Learning Outcomes Week 1

Understand that machine learning combines data with assumptions to make predictions

Understand that probability provides a calculus of uncertainty for us to deal with unknowns.

Understand the definition of entropy

Understand that the KL-divergence is an asymmetric measure of similarity between probability distributions

Understand sample based approximations

Be able to prove that maximum likelihood solution is approximately minimizing the KL-divergence

Be able to derive an error function from the likelihood of a single data point.

  • Independence of data points (data is i.i.d.)
  • Logarithm is monotonic
  • In optimization, by convention, we minimize so take negative.

Learning Outcomes Week 2

Consolidate understanding of stages of a basic probabilistic machine learning:

  • Write down model.
  • Make an assumption about the errors.
  • Use combination of mathematical model and error assumptions to write down a likelihood
  • Maximize the likelihood with respect to the parameters of the model
  • Use the resulting model to make predictions.

Understand the principles of using gradient methods to find a fixed point equation to maximize a likelihoood.

Understand the weakness of coordinate descent methods when parameters are correlated.

Understand the advantages of using multivariate calculus to maximize the likelihood in linear regression.

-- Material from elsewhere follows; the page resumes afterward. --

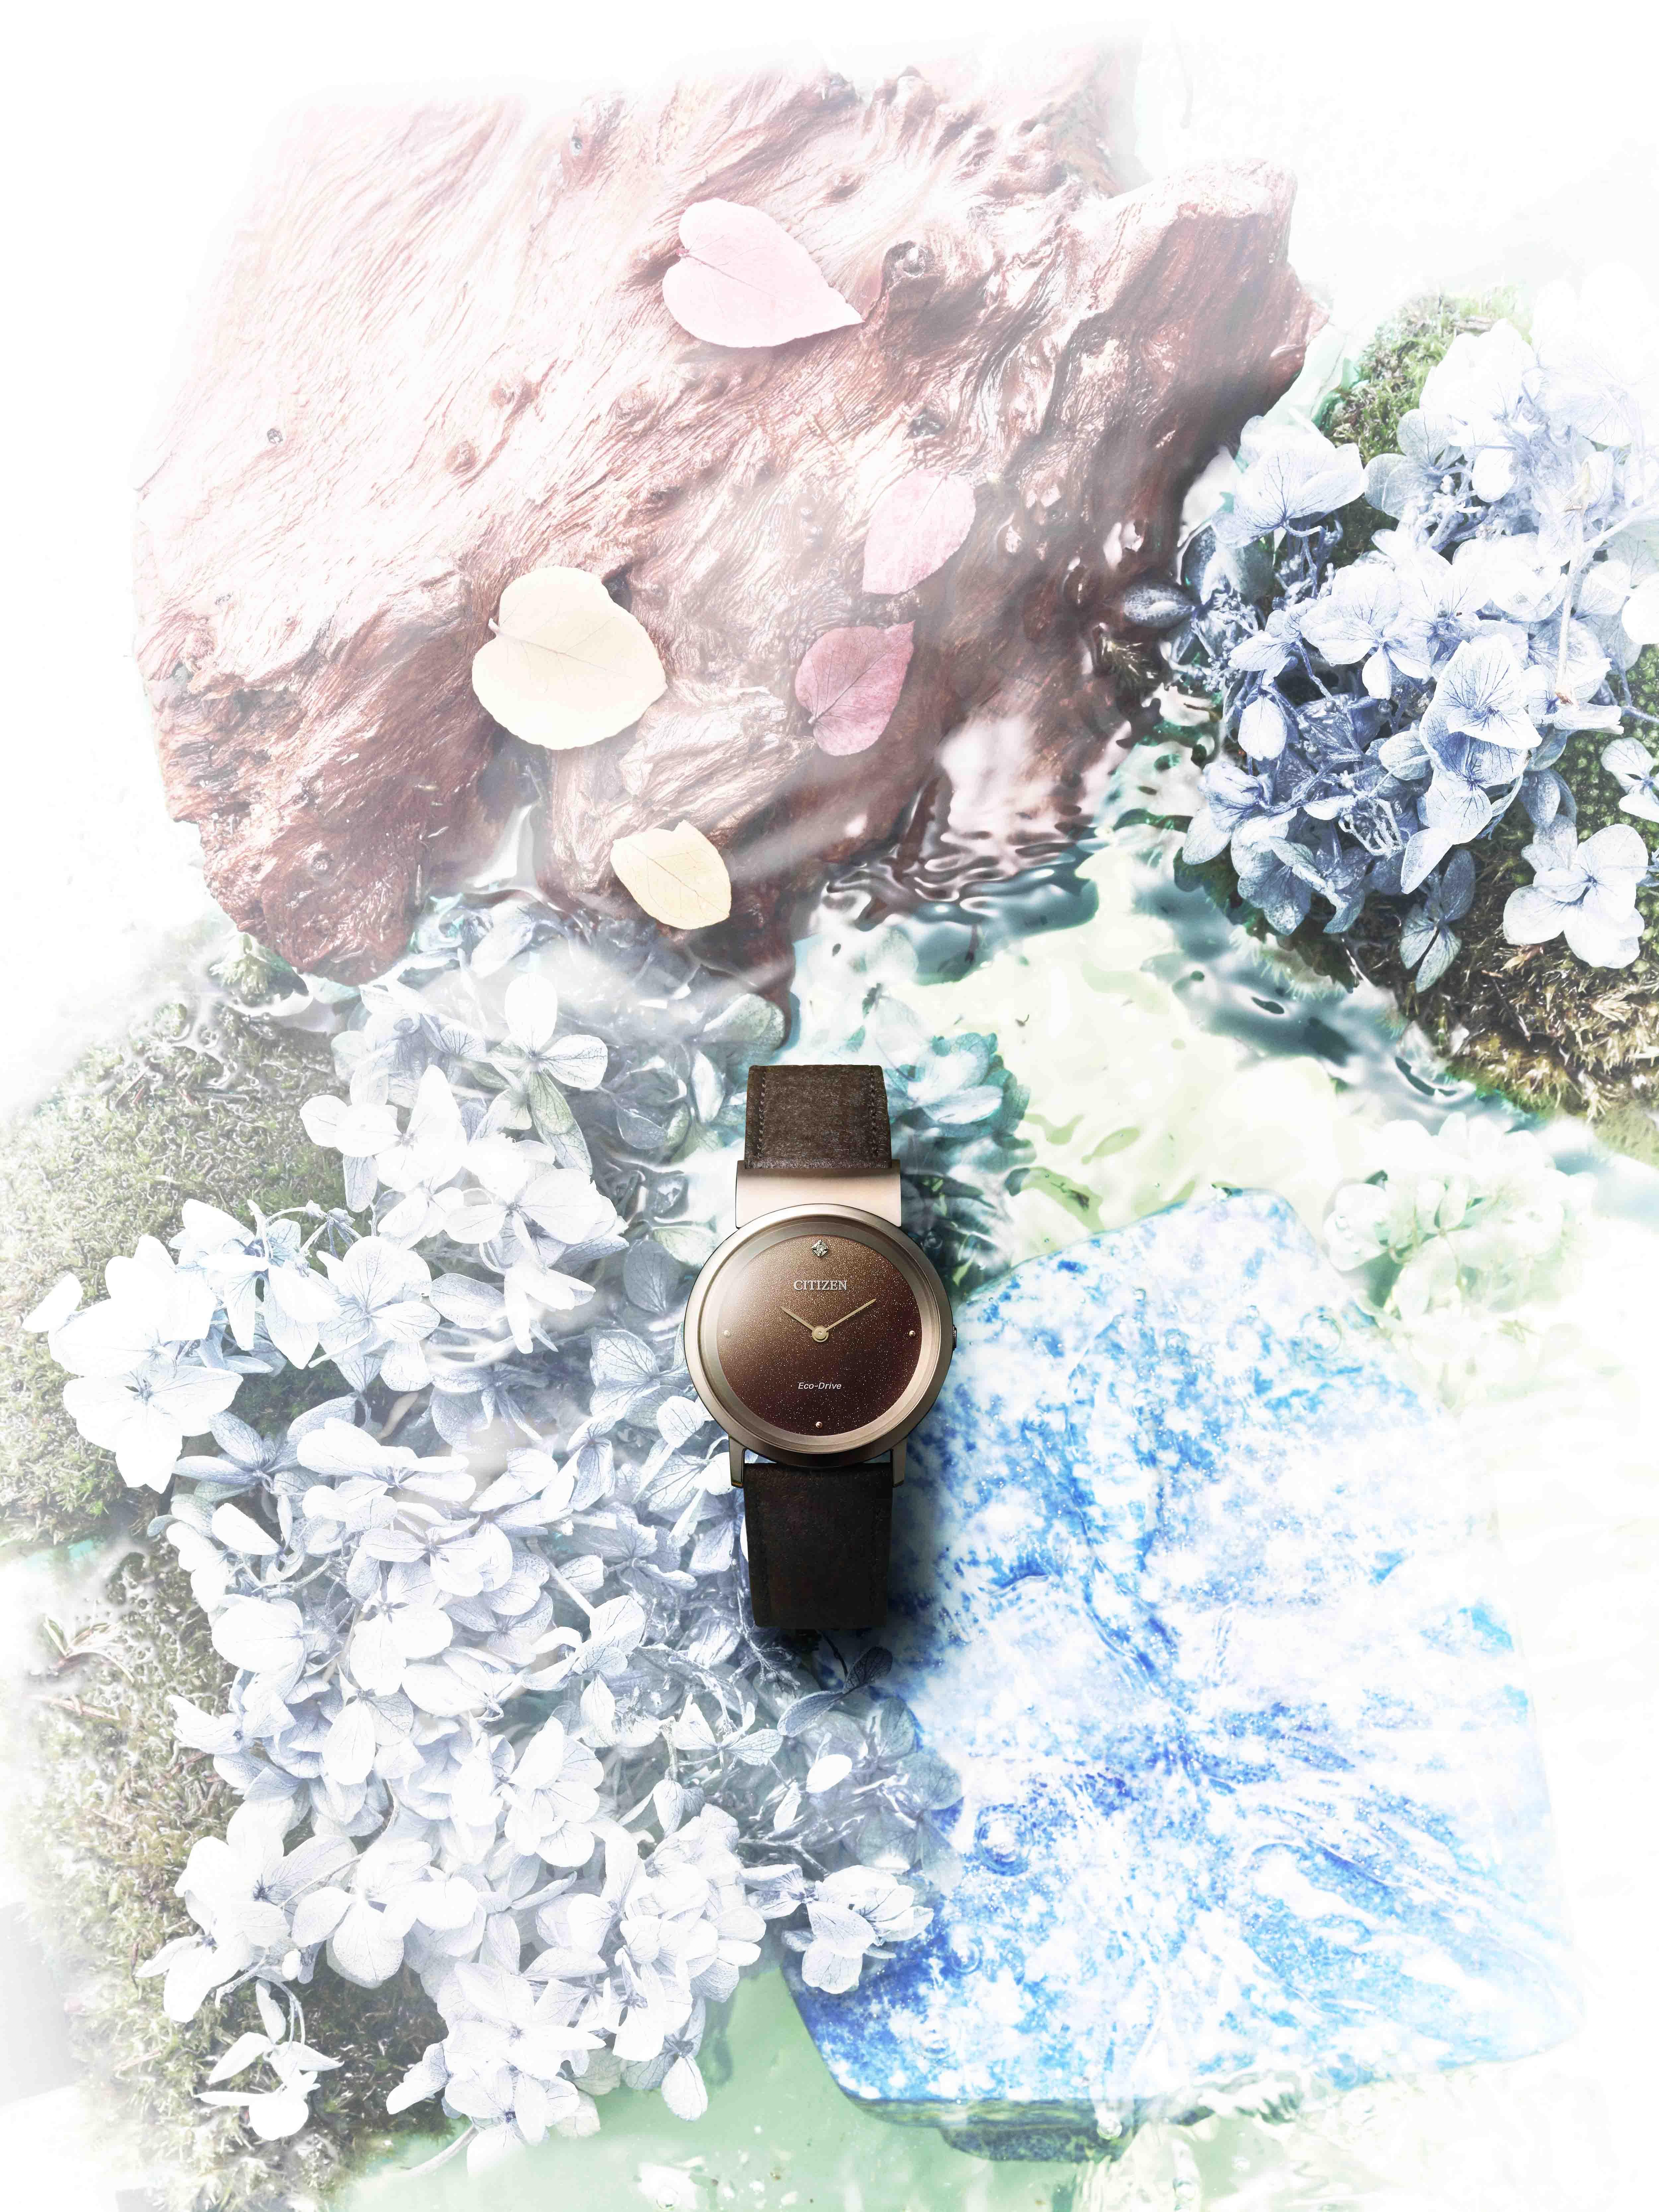 đồng hồ Citizen Earth

Understand how basis functions can be used to go from linear models to non-linear models.

Learning Outcomes Week 3

  • Understand the challenge of model selection.
  • Understand the difference between training set, test set and validation set.
  • Understand and be able to apply appropriately the following approaches to model validation:
    • hold out set,
    • leave one out cross validation,
    • k-fold cross validation.
  • Be able to identify the type of error that arises from bias and the type of error that arises from variance.
  • Be able to distinguish between different types of uncertainty: aleatoric and epistemic. Be able to give examples of each type.
  • Be able to derive Bayes rule’ from the product rule of probability.
  • Understand the meaning of the terms prior, posterior and marginal likelihood
    • Be able to identify these terms in Bayes’ rule.
    • Be able to describe what each of these terms represents (belief before observation, belief after observation, relationship between belief and observation, the model score.)
  • Understand how to derive the marginal likelihood from the likelihood and the prior.
  • Understand the difference between the frequentist approach and the Bayesian approach, i.e. that in the Bayesian approach parameters are treated as random variables
  • Be able to derive the maths to perform a simple Bayesian update on the offset parameter of a regression problem.

Learning Outcomes Week 5

  • Understand the principal of integrating parameters and how to use Bayes rule to do so.
  • Understand the role of the prior distribution.
  • In multivariate and univariate Gaussian examples, be able to combine the prior with the likelihood to form a posterior distribution..
  • Recognise the role of the marginal likelihood and know its form for Bayesian regression under Gaussian priors.
  • Be able to compute the expected output of the model and its covariance using the posterior distribution and the formula for the function.
  • Understand the effect of model averaging and its advantages when making predictions including:
    • Error bars
    • Regularized prediction (reduces variance)

Learning Outcomes Week 7

  • Understanding how the marginal likelihood in a Gaussian Bayesian regression model can be computed using properties of the multivariate Gaussian.
  • Understanding that Bayesian Regression Models put a joint Gaussian prior across the data.
  • Understanding that we can specify the covariance function of that prior directly.
  • Understanding that Gaussian process models generalize basis function models to allow infinite basis functions.